Previously, the conclusion issued under the Governmental Resolution dd. 10.05.2017 # 550 served as such a confirmation.
In addition, the amendments prolong the till December 15, 2019 the effect of the Resolution of the Government dd. 04.12.2017 # 1469 “On Restrictions and Terms for Admission to Procurement for State and Municipal Needs of Metallic Uncovered Stents for Coronary Arteries, Stents for Coronary Arteries Evolving Pharmaceuticals (Including Those with Non-Absorbable Polymer Coating and Absorbable Polymer Coating), Standard Balloon Catheters for Coronary Angioplasty, Aspiration Catheters for Embolectomy (Thrombectomy) of Foreign Origin" (previously this Resolution was valid till July 01, 2018).
The above changes came into force from June 30, 2018.
On June 06, the Russian Ministry of Justice signed the Order of the Russian Ministry of Healthcare dd. 27.03.2018 # 120n “On Approval of the Procedure for Suspending Biomedical Cell Products Use”.
The document sets out rules for the Federal Service for Surveillance in Healthcare (Roszdravnadzor) to suspend use (application) of BMCP already traded in Russia. In particular, the regulator is empowered to make the decision on suspension within 5 business days from the date of receiving information about:
- adverse reactions not addressed in the BMCP’s leaflet,
- significant adverse reactions and unexpected adverse reactions,
- specifics of the BMCP’s interaction with pharmaceuticals, medical devices, nutrition products, other BMCP that can entail threats to life or health,
- mismatch of the data on the BMCP’s actual efficiency and safety with the data provided in the leaflet.

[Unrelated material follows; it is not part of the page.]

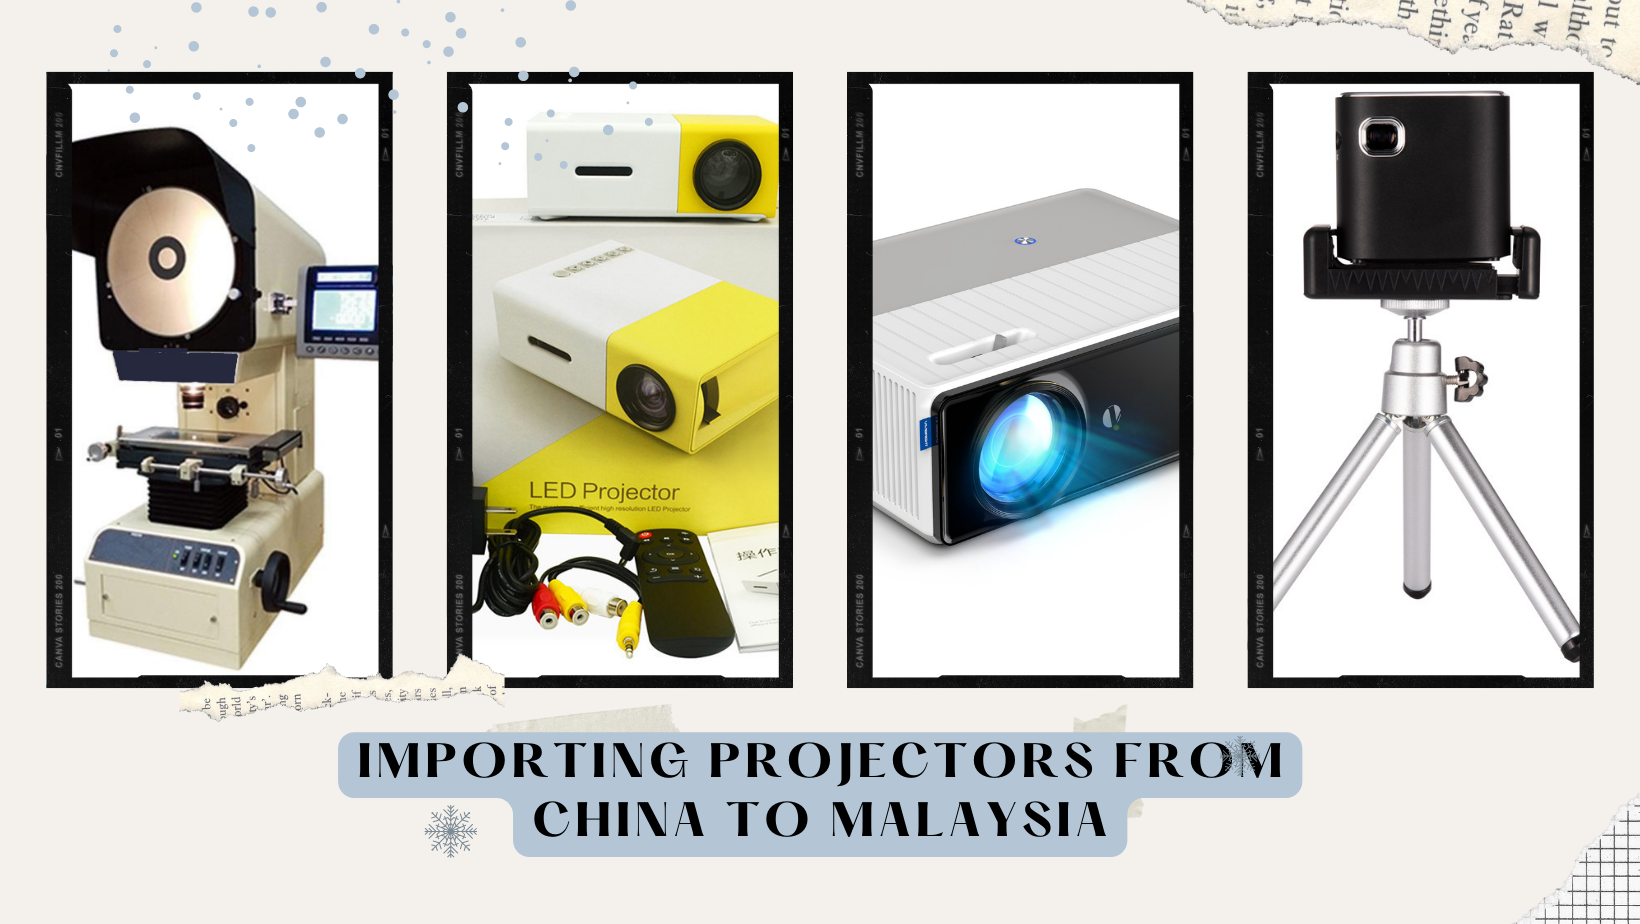 Importing Projectors from China to Malaysia
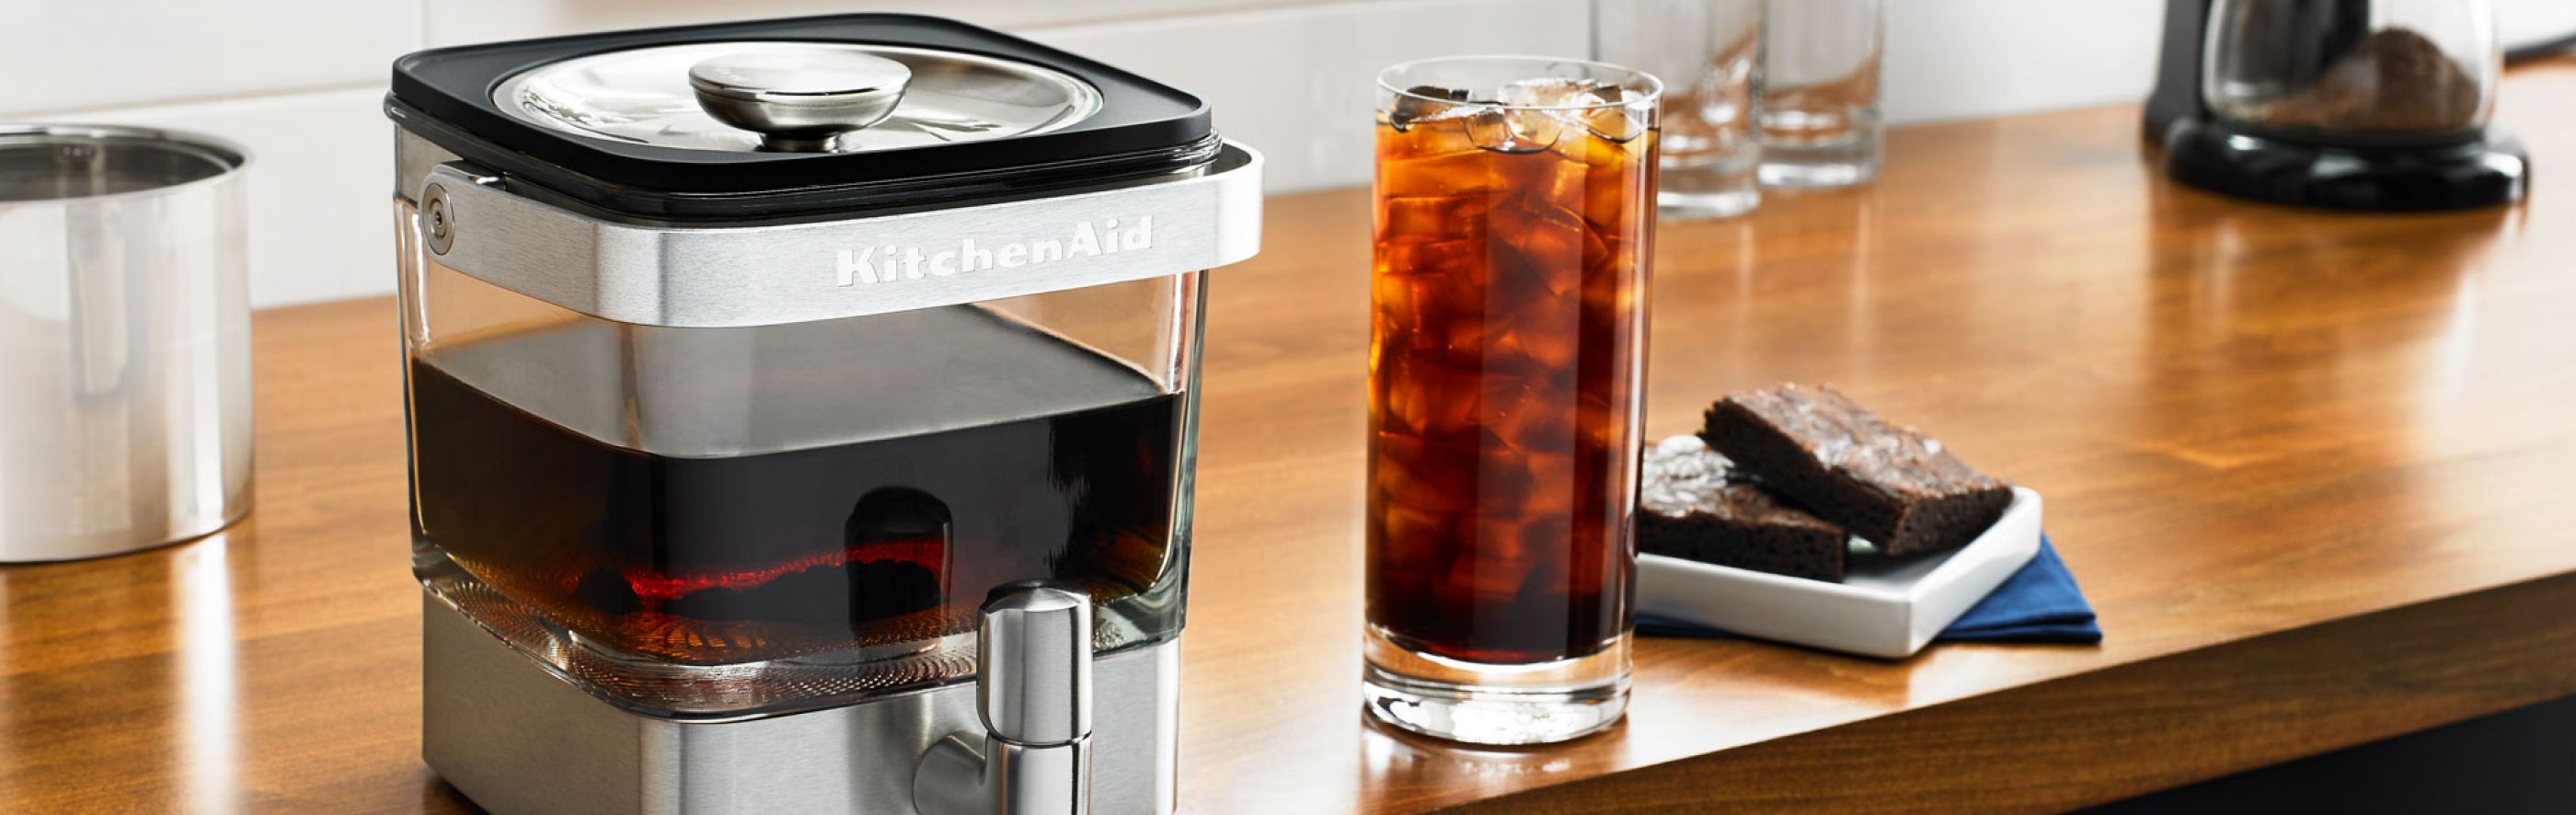 Cold brew coffee maker sitting on counter next to glass of iced coffee

It is expected that, by the dates of the Eastern Economic Forum (to be held in Vladivostok on September 11-13, 2018), the effect of the law on the international medical cluster will be expanded to the Russky Island in Primorsky Krai. This was announced by the CEO of the Far East Investment and Export Agency during the Russian-Korean Business Forum on June 22, 2018.
Previously, the Ministry for Development of the Russian Far East reported on development of a bill expanding the international medical cluster regime to the Free port of Vladivostok. Thus, the standards, management and regulation principles and procedures of interaction with the project participants currently applied in the Skolkovo Innovation Centre would be enacted the territory of the Russky Island. In particular, healthcare providers residing in the Cluster would be able to deliver medical care, apply medical equipment and pharmaceuticals in the Cluster without additional certification in the Russian Federation, provided they have obtained all the permission documentation in their states of incorporation.
The Federal Antitrust Service stated in its Letter dd. 14.06.2018 # АК/43550/18 that advertising of any goods using images of healthcare and pharmaceutical professionals is allowed only for advertising which is distributed/placed:
- at medical or pharmaceutical exhibitions, seminars, conferences and other similar events, and
- in specialized printed media for healthcare professionals.
It is highlighted that in case if an educational institution training healthcare professionals advertises its educational activity, using HCP images is allowed only if the advertisement is distributed/placed at the aforementioned professional exhibitions, seminars, conferences and other similar events or in specialized printed media.
The restriction applies not only to visual images of healthcare/pharmaceutical professionals, but to any other visual, sound or other tools/media content creating an image of an HCP in the mind of the persons perceiving the advertising.